If she goes this ballistic over sexual harassment in the U.S., she certainly won’t be able to deal in [insert country where women are treated worse]!, you are probably saying to yourself.
Actually, no.
I will put up with all kinds of things abroad –and have– that I won’t tolerate for an instant at home. If someone offered me a job in Afghanistan, where I have wanted to work for a very long time, I would be fine with the dress code, because I know that women’s freedom to dress as they please is not on the radar of even most liberal Afghans. In a place like Afghanistan, there are far more immediate will-I-see-tomorrow? matters to contend with, especially for women. Most Afghan women, including activists and aid workers, find the Western obsession with their clothing counterproductive and self-serving when issues like widow poverty and the shortage of women’s shelters don’t get nearly as much media play as the burqa does.

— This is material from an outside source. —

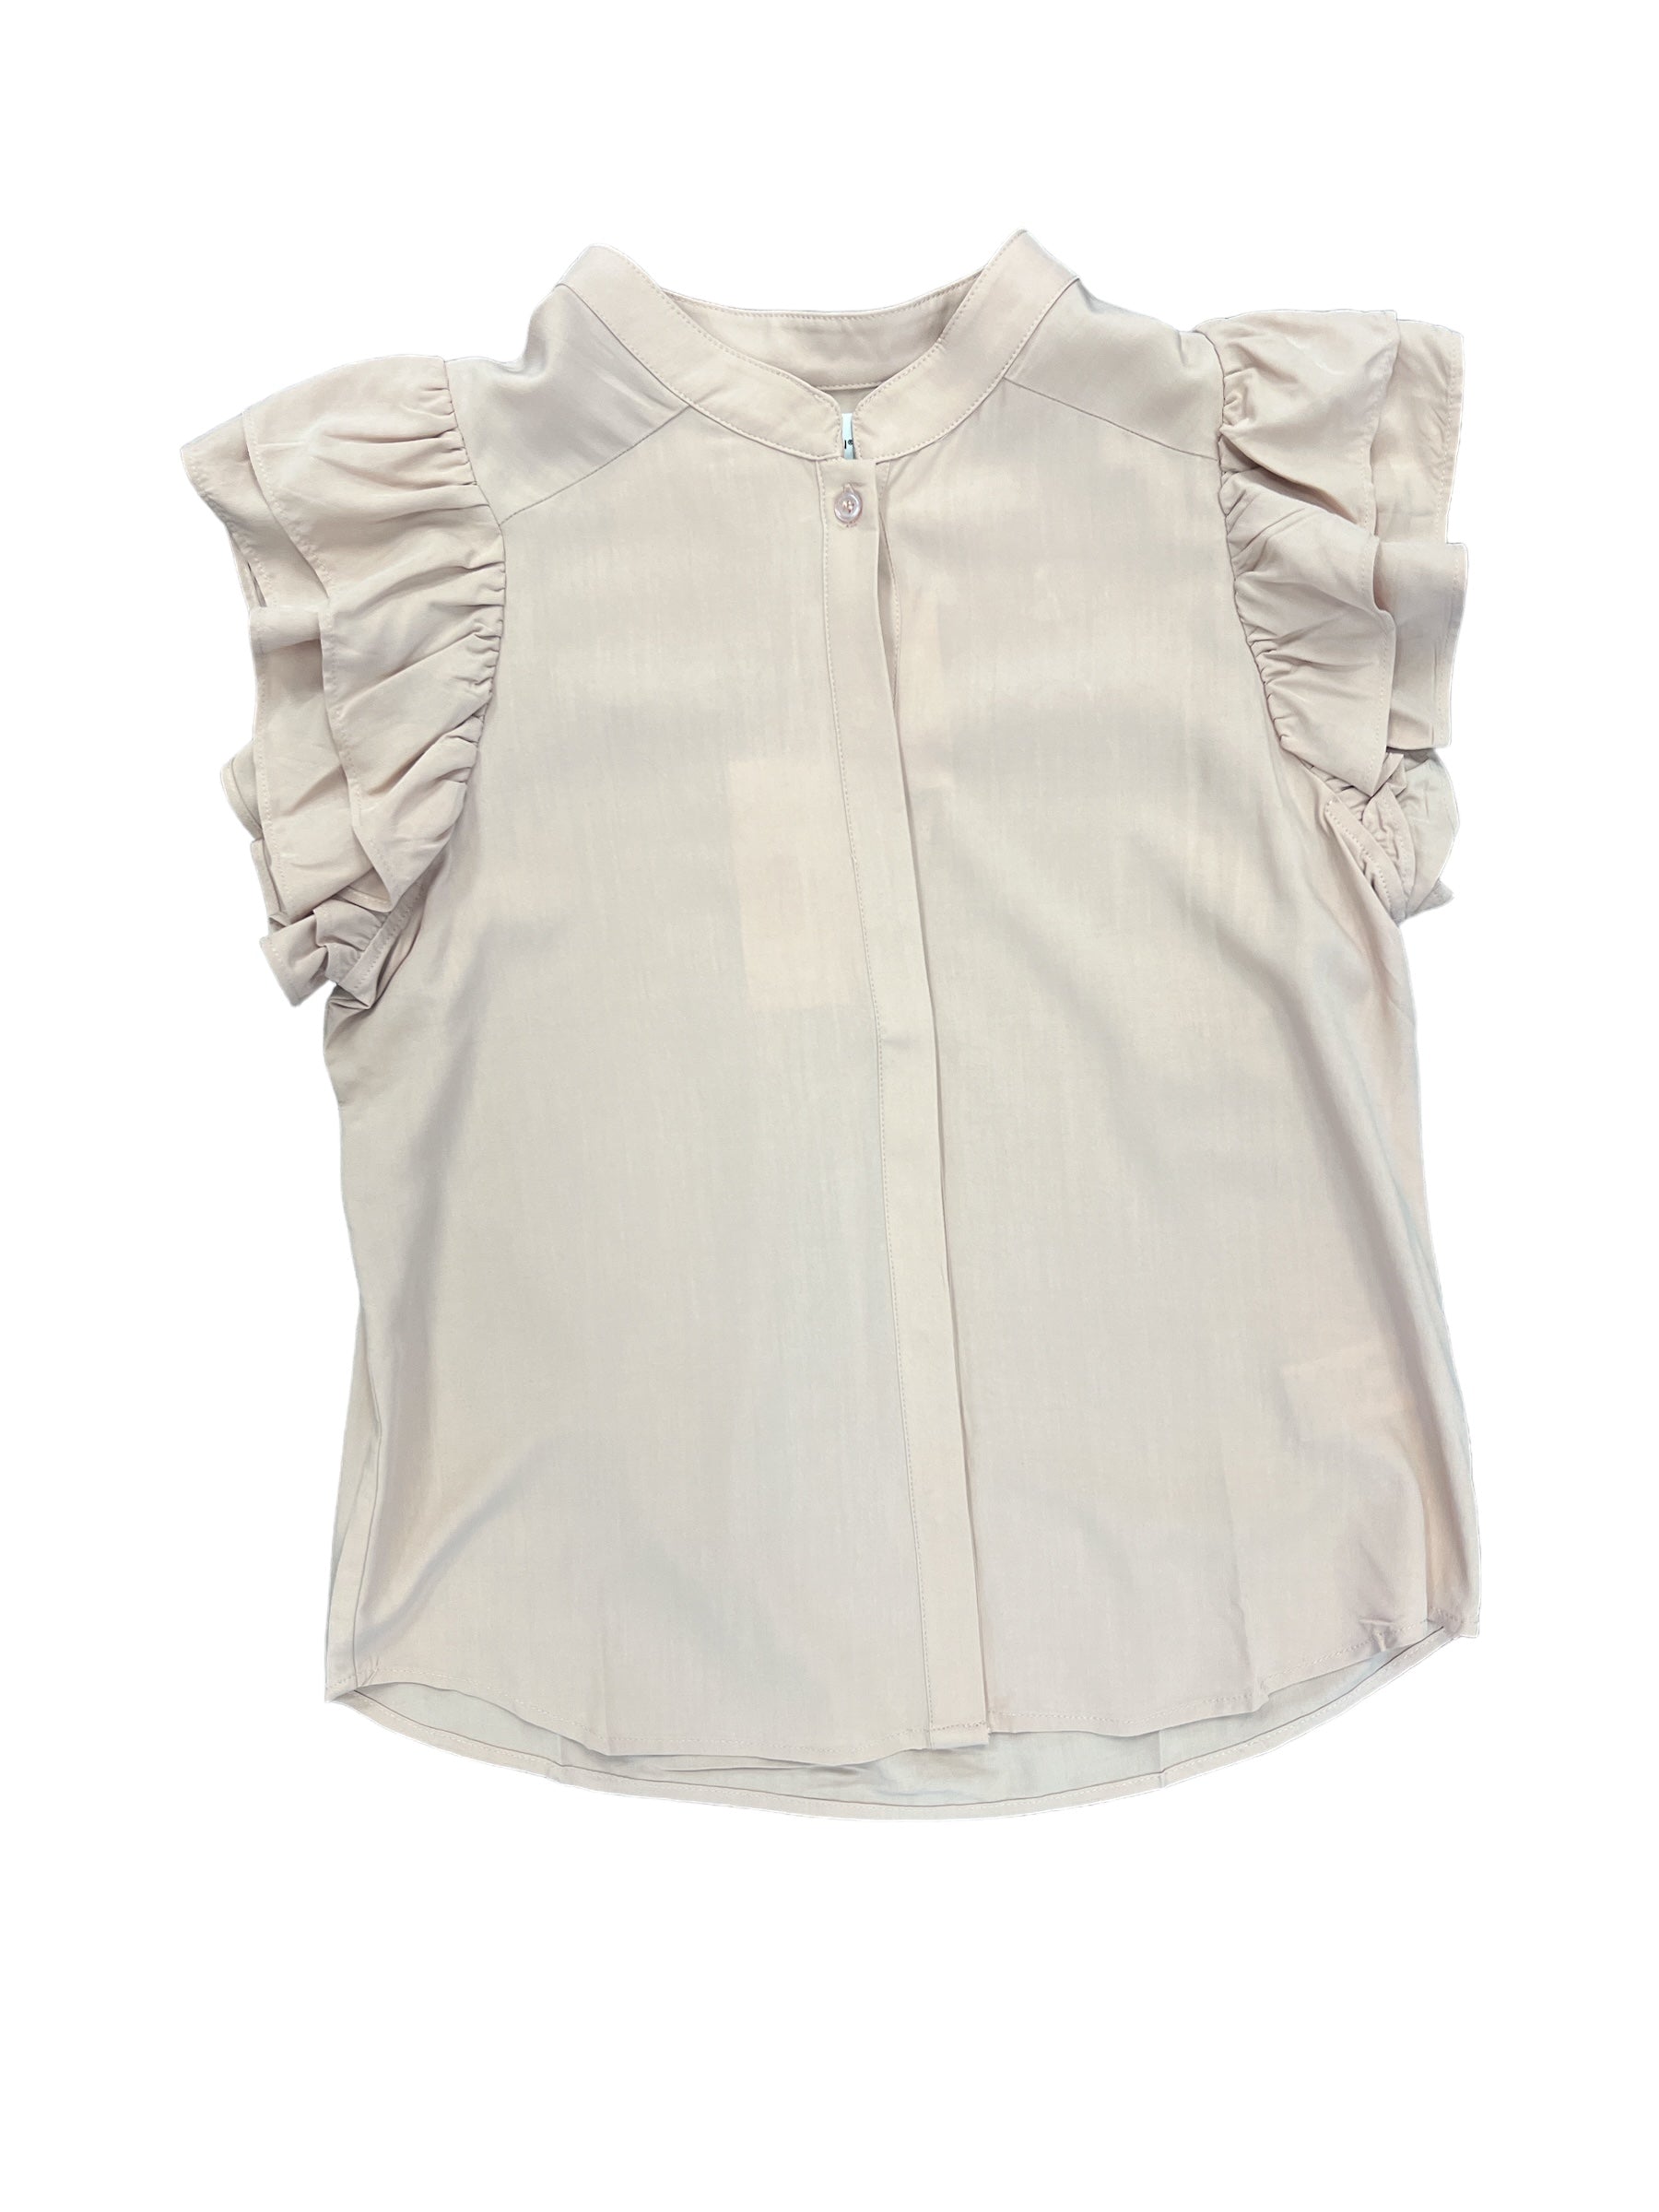 Marlie Petal Sleeve Shirt-130 Dressy Tops & Blouses-Dear John-Simply Stylish Boutique | Women’s & Kid’s Fashion | Paducah, KY

Abiding by rules I disagree with regarding women’s clothing is a concession I’d make without hesitation if it meant I could work on the Big Things. I’d even grit my teeth and endure the inappropriate touching Afghan and expat women experience (though less expat women now, from what I’ve heard, because fewer expats brave the streets these days).
What I won’t do is change my behaviour or dress (again) in my own country, or swallow my pride and passively put up with the rude remarks, hungry stares, and grabby hands of bored misogynists loitering on the streets of my city. They are the ones who need to change, not me.